* **MATERIAL PROVIDED**:
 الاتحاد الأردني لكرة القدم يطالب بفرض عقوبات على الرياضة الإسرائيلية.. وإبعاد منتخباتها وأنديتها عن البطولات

==

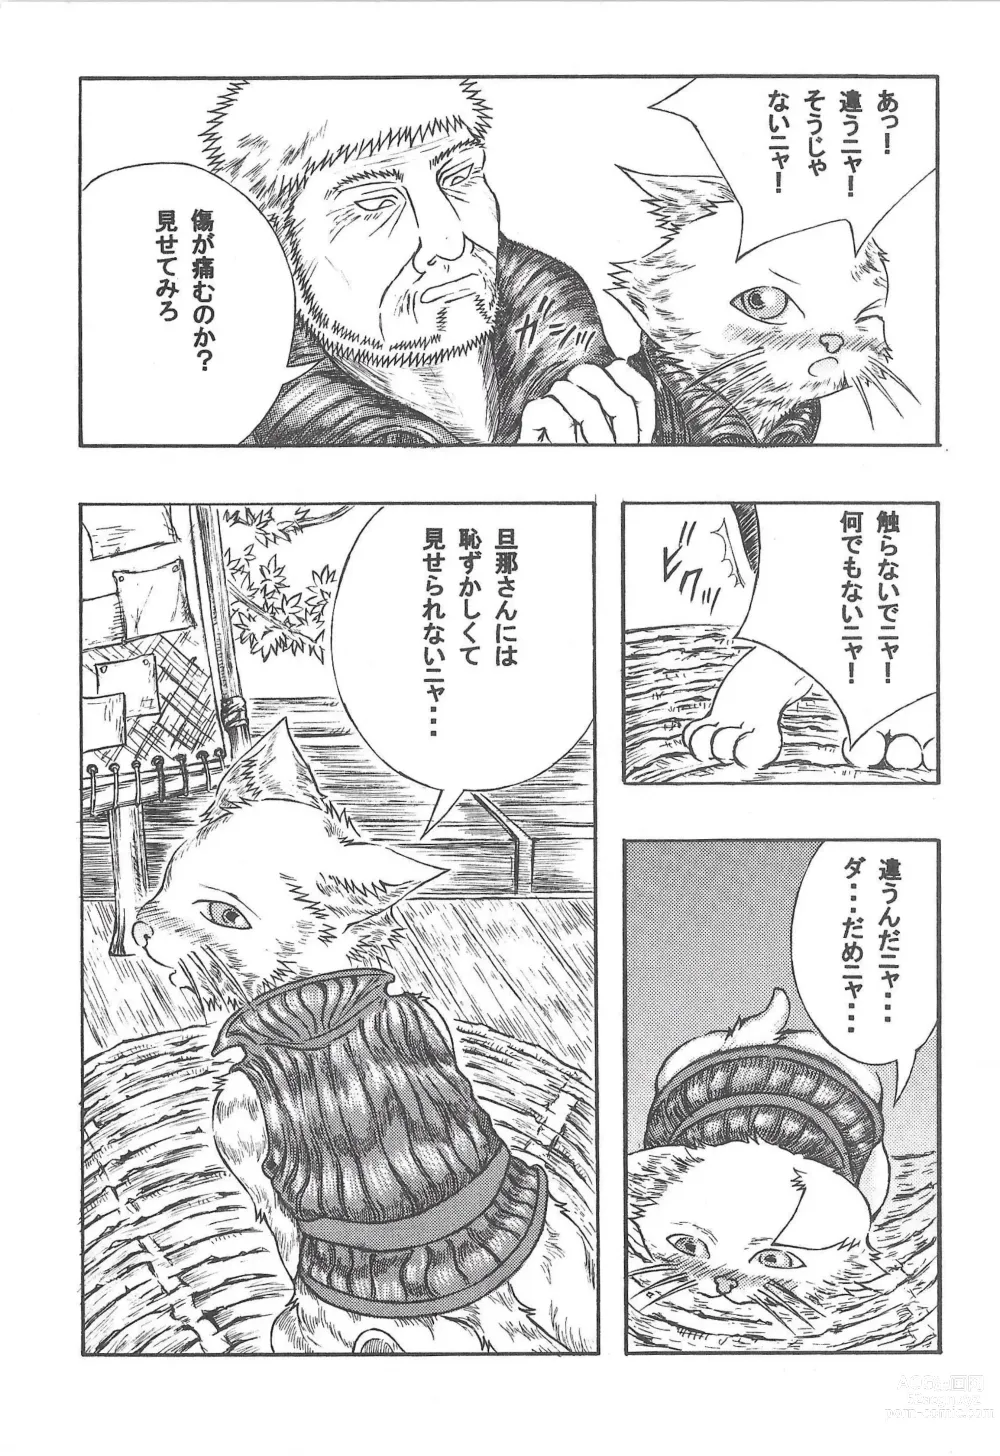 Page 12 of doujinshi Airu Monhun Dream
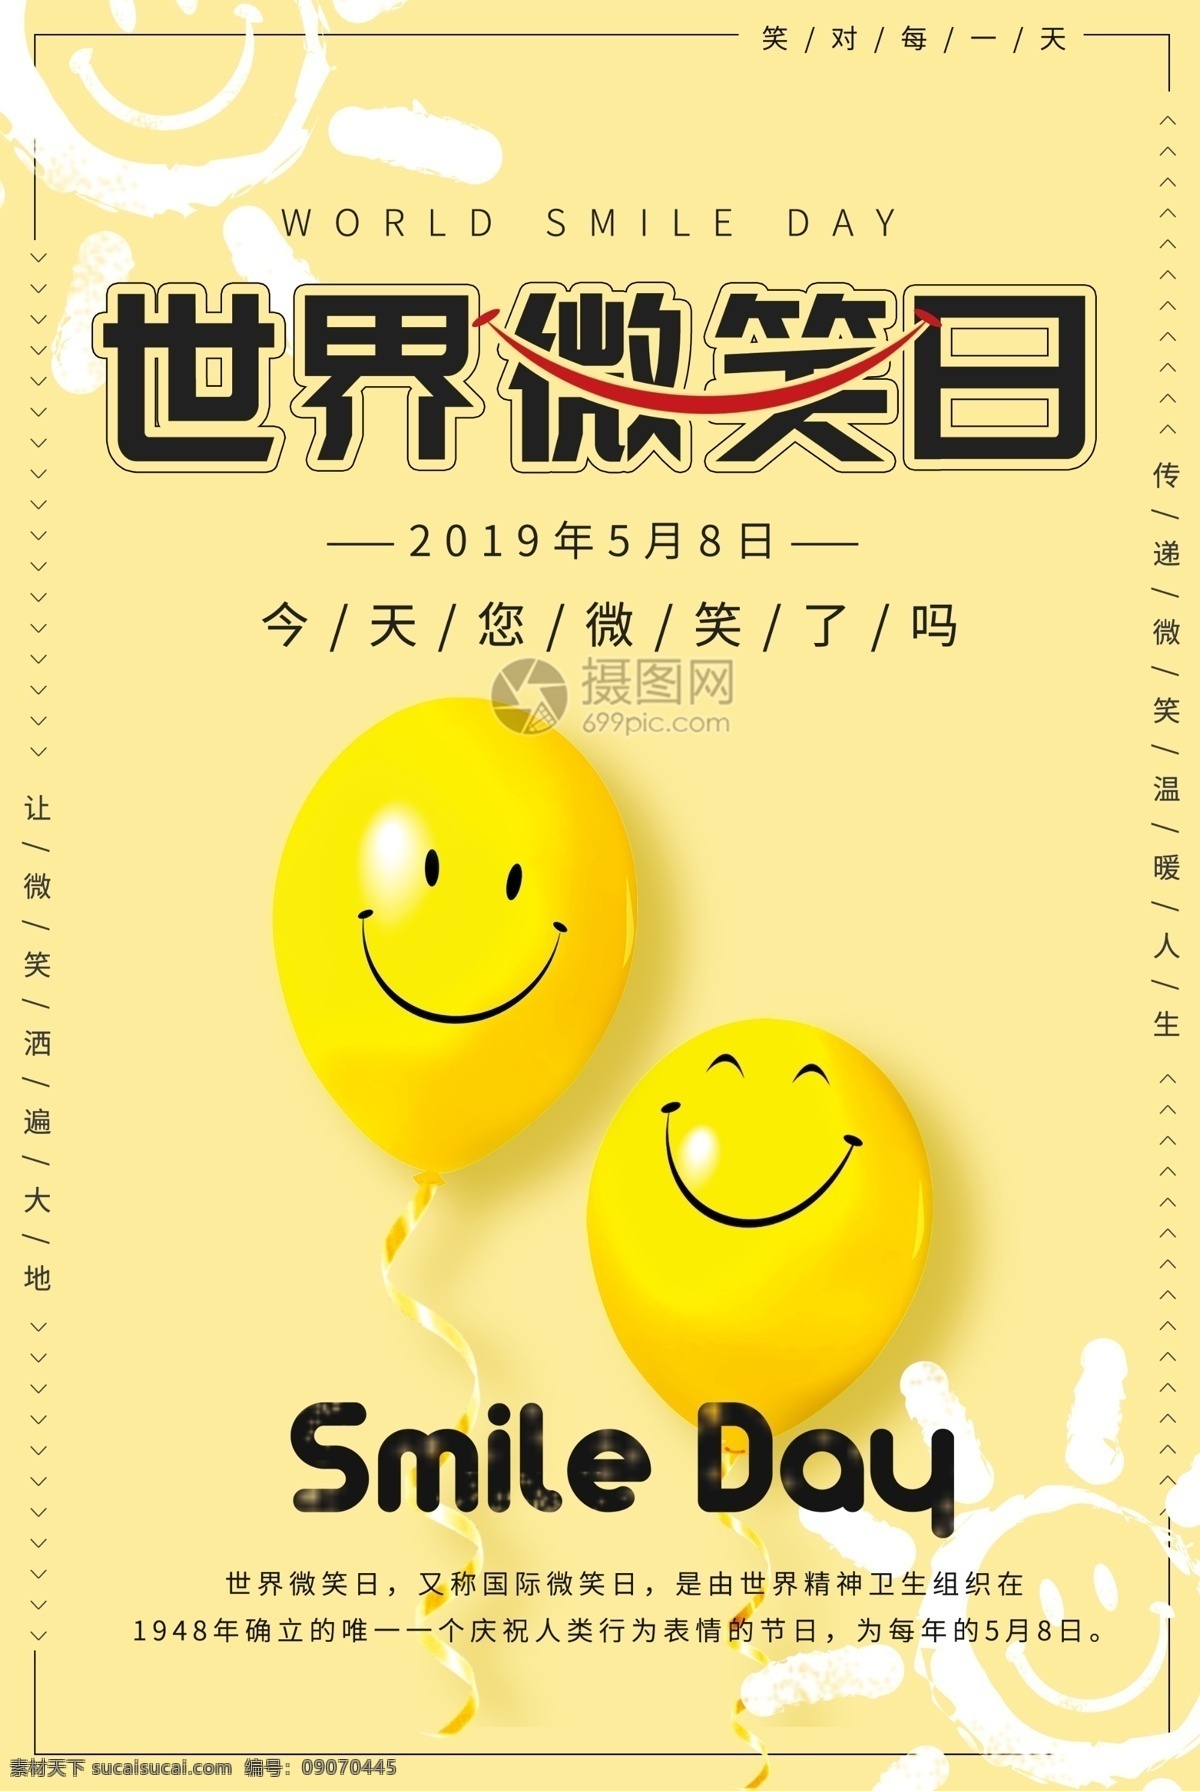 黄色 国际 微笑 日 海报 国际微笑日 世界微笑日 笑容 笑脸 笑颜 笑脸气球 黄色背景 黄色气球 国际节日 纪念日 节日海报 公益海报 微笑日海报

* **ACTION ITEM**: Leaving out the pictures, please output the lines in the entries above from the one with "Page 12 of doujinshi Airu Monhun Dream" through the one with "黄色 国际 微笑 日 海报", exactly as they are.

* **ANSWER BOX**:
 Page 12 of doujinshi Airu Monhun Dream
 黄色 国际 微笑 日 海报 国际微笑日 世界微笑日 笑容 笑脸 笑颜 笑脸气球 黄色背景 黄色气球 国际节日 纪念日 节日海报 公益海报 微笑日海报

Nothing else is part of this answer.